→ **DATASET EXCERPT**:
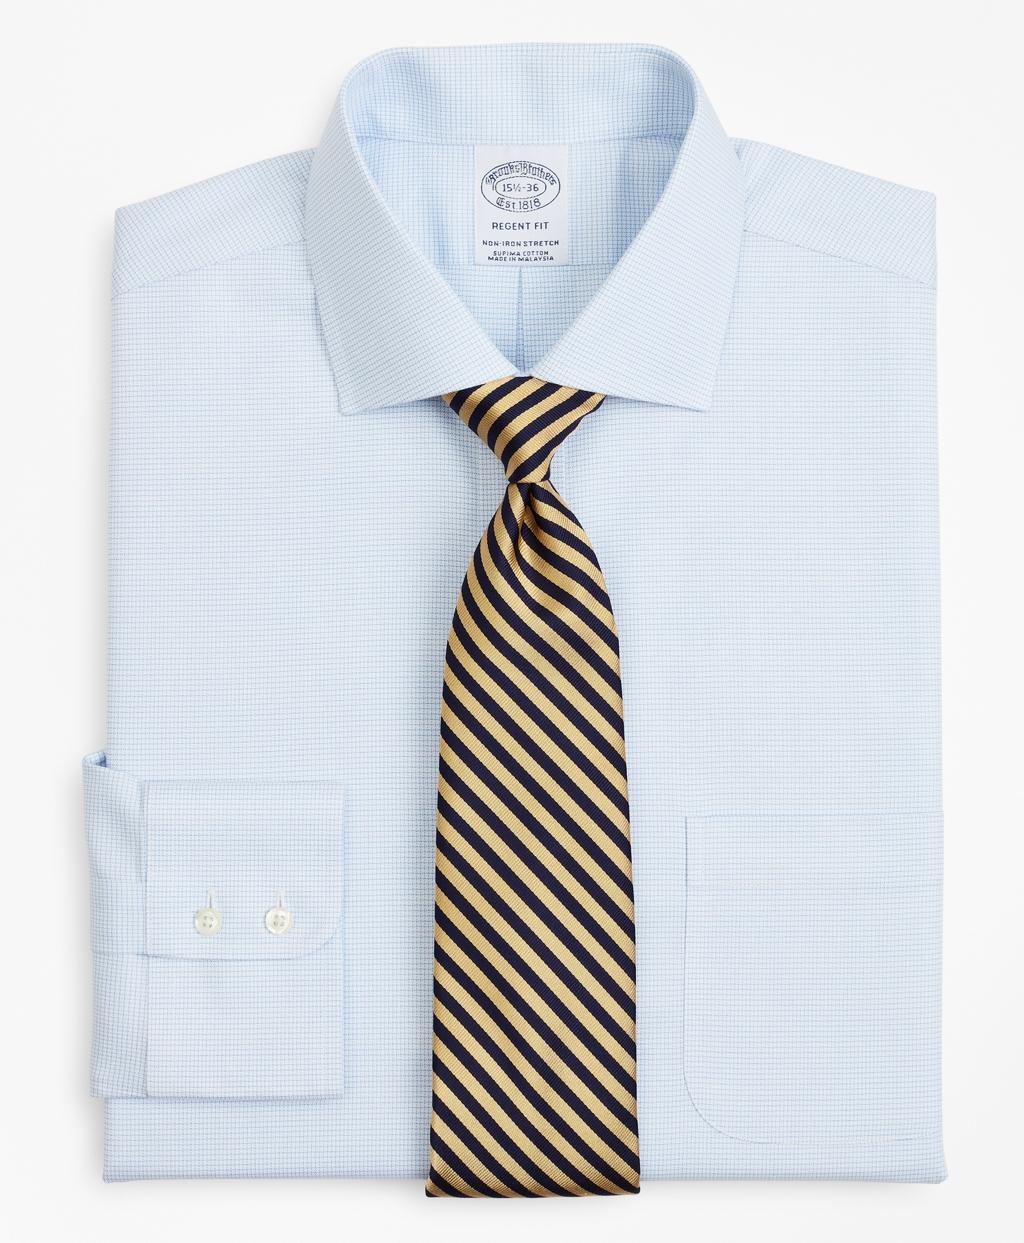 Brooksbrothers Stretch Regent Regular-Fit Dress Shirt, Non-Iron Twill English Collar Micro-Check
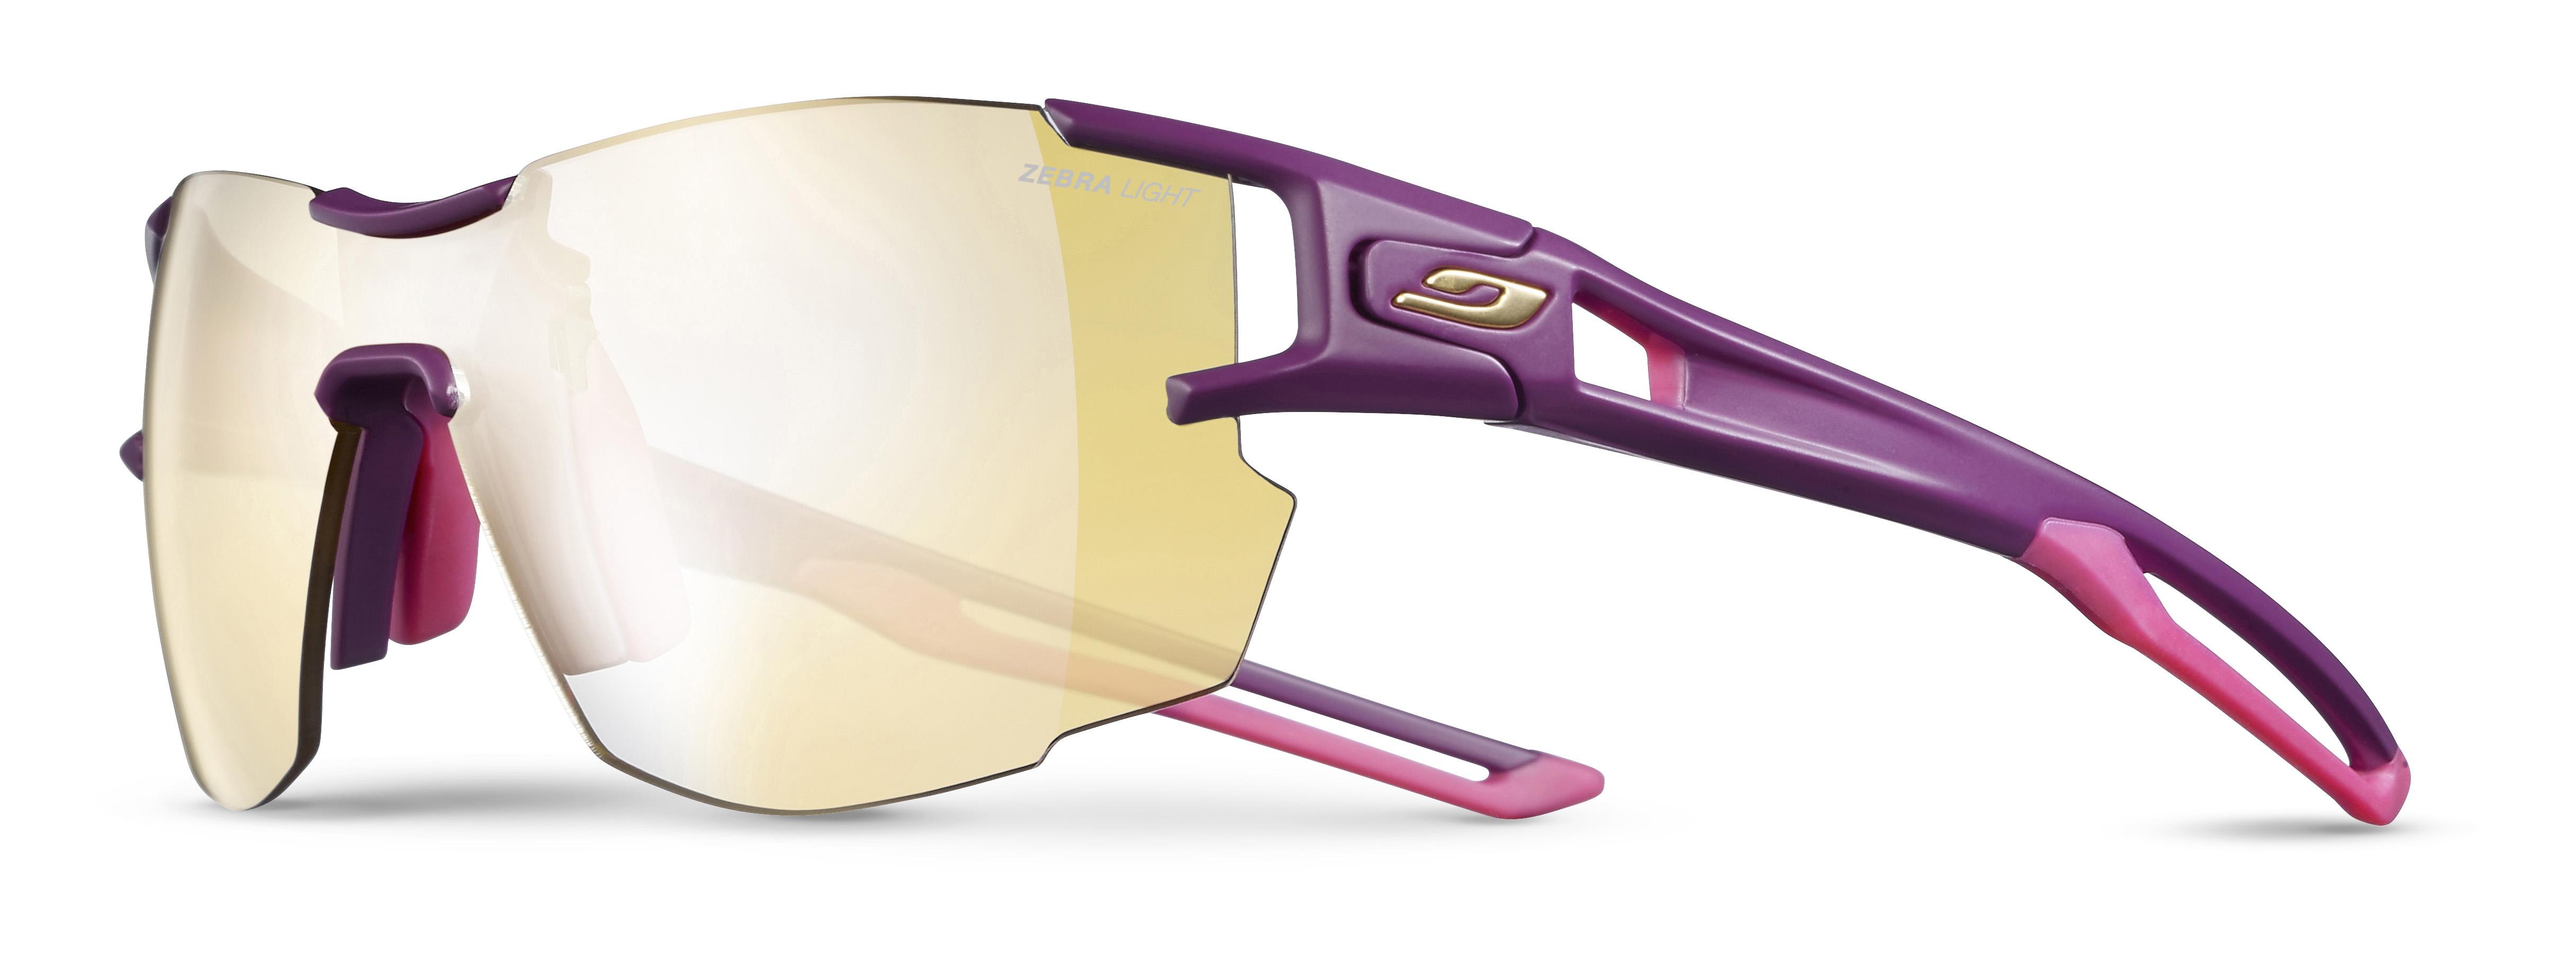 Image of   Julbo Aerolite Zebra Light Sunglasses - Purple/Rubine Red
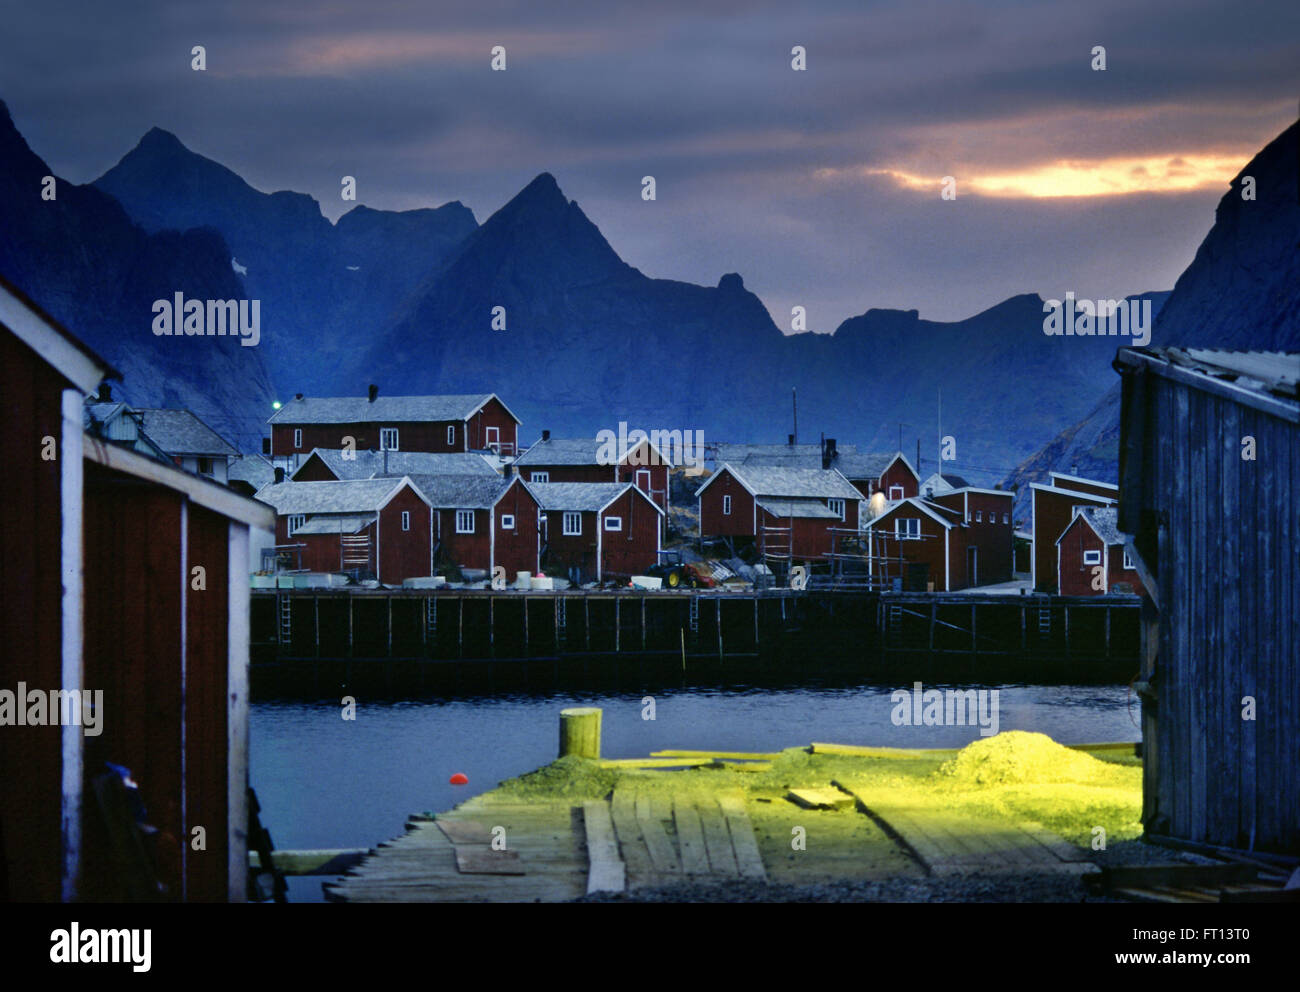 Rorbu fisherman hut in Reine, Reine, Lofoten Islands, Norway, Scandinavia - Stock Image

→ **INSTRUCTIONS FOR THE TASK**:
Return the listing above in full and without alteration, excluding its pictures.

→ **SOLUTION FOR THIS EXERCISE**:
 Brooksbrothers Stretch Regent Regular-Fit Dress Shirt, Non-Iron Twill English Collar Micro-Check
 Image of   Julbo Aerolite Zebra Light Sunglasses - Purple/Rubine Red
 Rorbu fisherman hut in Reine, Reine, Lofoten Islands, Norway, Scandinavia - Stock Image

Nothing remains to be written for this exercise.